更にもっと気になること。記事にはこんな記述がある。
米本土の全体を射程に収め、核弾頭10個を搭載できる新型ICBM「東風(DF)41」
既存のミサイル迎撃システムでは撃墜が困難な極超音速滑空兵器を搭載する「DF17」
中国がアメリカ本土を直接攻撃できる兵器を持った、さらにアメリカの軍事力の象徴である空母を直接攻撃できる兵器を持った。そんな事が堂々と世界に見せつけたということである。
そのDF41とはこんなもの。
更にDF17とはこんなもの
(下の画像2枚も同じ)
青山繁晴さんの言う「史上最初に姿を現した巨大イカ頭」と言うのはコレ
極超音速滑空ミサイルDF-17がどのように飛んでくるのか
このように低空を飛ぶので、レーダーによる発見が遅れてしまう。
さてでは、この件についての青山繁晴さんの寄稿文を見てみよう。
<以下月刊Hanada12月号(10/26発売)より引用>
澄哲録片片 青山繁晴
Hanada-2019年12月号
中国軍事パレードの衝撃 (p214-p216)
去る十月一日に中華人民共和国は国慶節、すなわち建国の記念日を迎えた。
西暦一九四九年、大戦が終わって四年目の十月一日に、毛沢東主席(当時)が、晴ればれと美しかったという北京秋天のもと、天安門広場から高らかに中国共産党の独裁政権の樹立を宣告してから、今年ちょうど七十年である。
お祝いだから、多様な行事が北京を中心に行われる。ところが七十年の節目の今年は、軍事パレードだけしか世界の記憶に残らないだろう。
逆に言うと、今回の軍事パレードの衝撃が強すぎた。アメリカの喉元にぎらぎらに光る刃を何本も突きつけたのと同じである。
まず噂の巨大イカの登場だ。
これはDF17、すなわち東風17号という名の弾道核ミサイルだ。
極超音速ミサイルと呼ばれている。光を別にすれば音はこの世でもっとも速い。速いから、たとえばわたしが月に一度、各地の千人を収容する広いホールで前述の独立講演会を開くとき、いちばん後ろの席のみなさんにもリアルタイムで声が届く。
音速を標準大気での時速にすると、1225キロだ。
それを超えるスピードで飛ぶものを超音速と呼んで久しいが、ついにそこに「極」(ごく)が付くものが登場した。
音速を超えるどころじゃない。五倍以上にもなる凄まじい猛速だ。
こんなミサイルを確実に撃ち落とす手段など、アメリカ軍を含めて人類は持っていない。
しかもこの東風17号はレーダーを避けて低空を飛ぶことができる。
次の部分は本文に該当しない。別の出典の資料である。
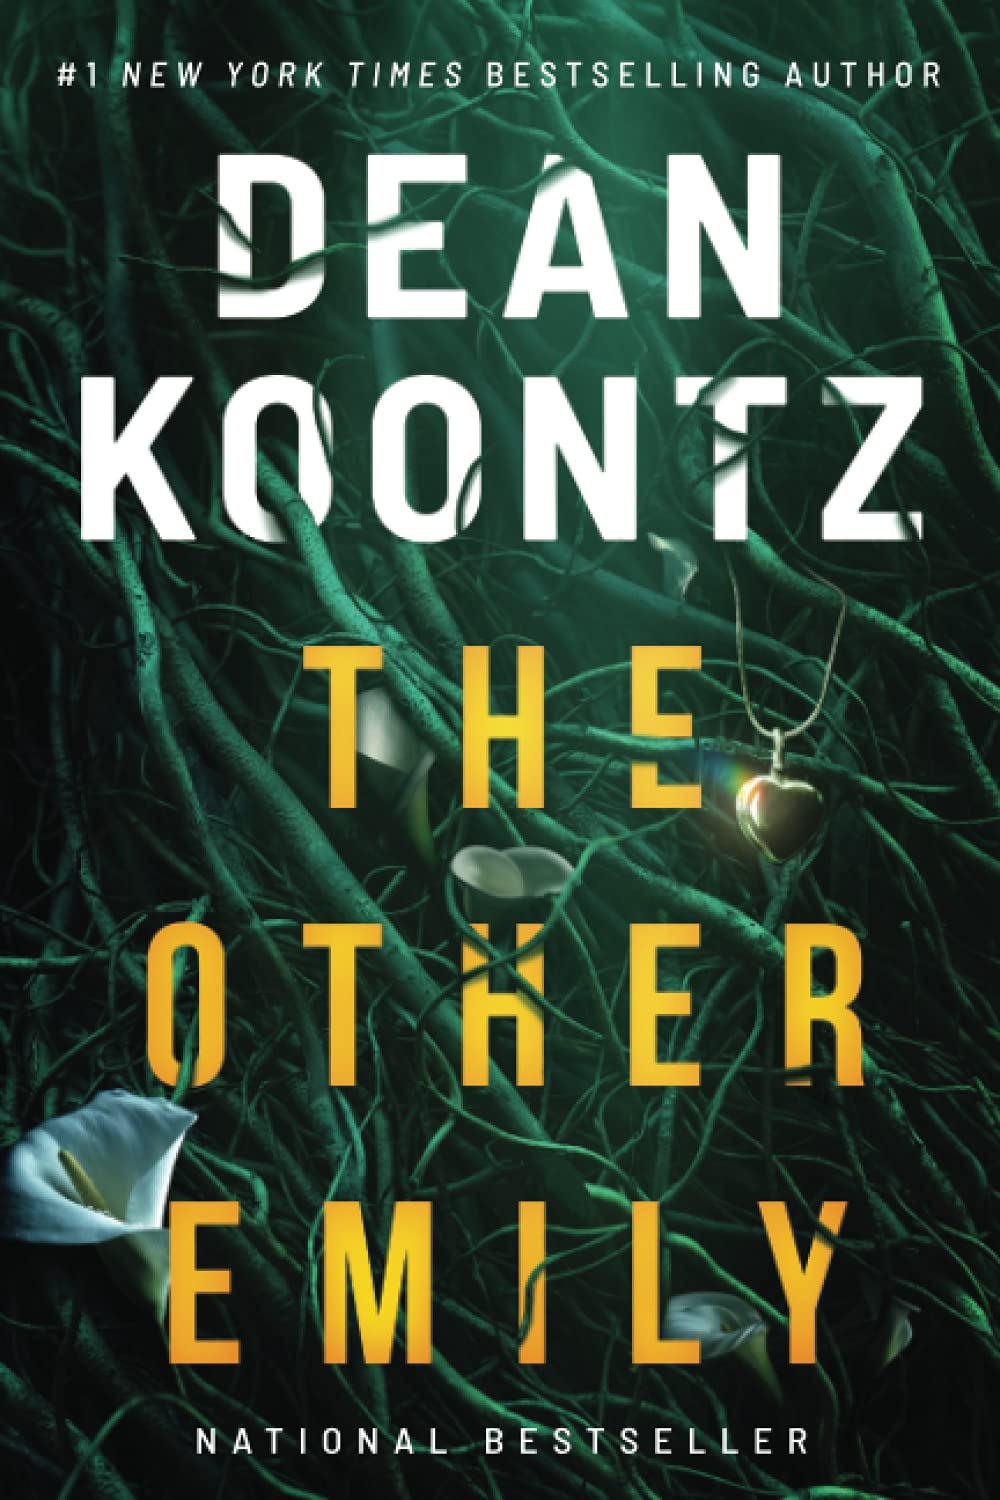 The Other Emily by Koontz, Dean

アメリカ軍を支える原子力空母が、横須賀にいる世界最大、最新鋭のロナルド・レーガンを含め、この東風17号によってことごとく撃沈される恐れがある。
さらにパレードには巨大な丸い頭のICBM(大陸間弾道核ミサイル)のDF41、東風41号も登場した。これはアメリカのICBMよりも一千キロほど長く、推定一万四千キロ以上を飛ぶ。つまりワシントンDCやニューヨークの頭上に現れ、しかも上空で弾頭が十個に分かれる。大統領を含むワシントンDCの住民全員やNY市民に十個の核弾頭が一斉に降り注ぐ。
いずれも中国は、ただの噂の存在 だったものを、この十月一日に初登 場させた。
十月一日が分かれ道に
ただしパレードでトレーラーに載せられて行進していくだけなら、実戦配備されていることにはならない。わかりやすく言えばドンガラだけということがあり得る。
たとえば北朝鮮にしても実弾、ほんとうに核爆発を起こす弾頭を装填して発射したことは一度もない。あれほどさまざまな弾道核ミサイルを花火よろしく撃ち続けながら、全てドンガラである。
だから北京の今は汚れに汚れた秋空の下、史上最初に姿を現した巨大イカ頭も、巨大坊主頭もドンガラだけだという可能性はあった。
可能性はある、のではなく過去形だ。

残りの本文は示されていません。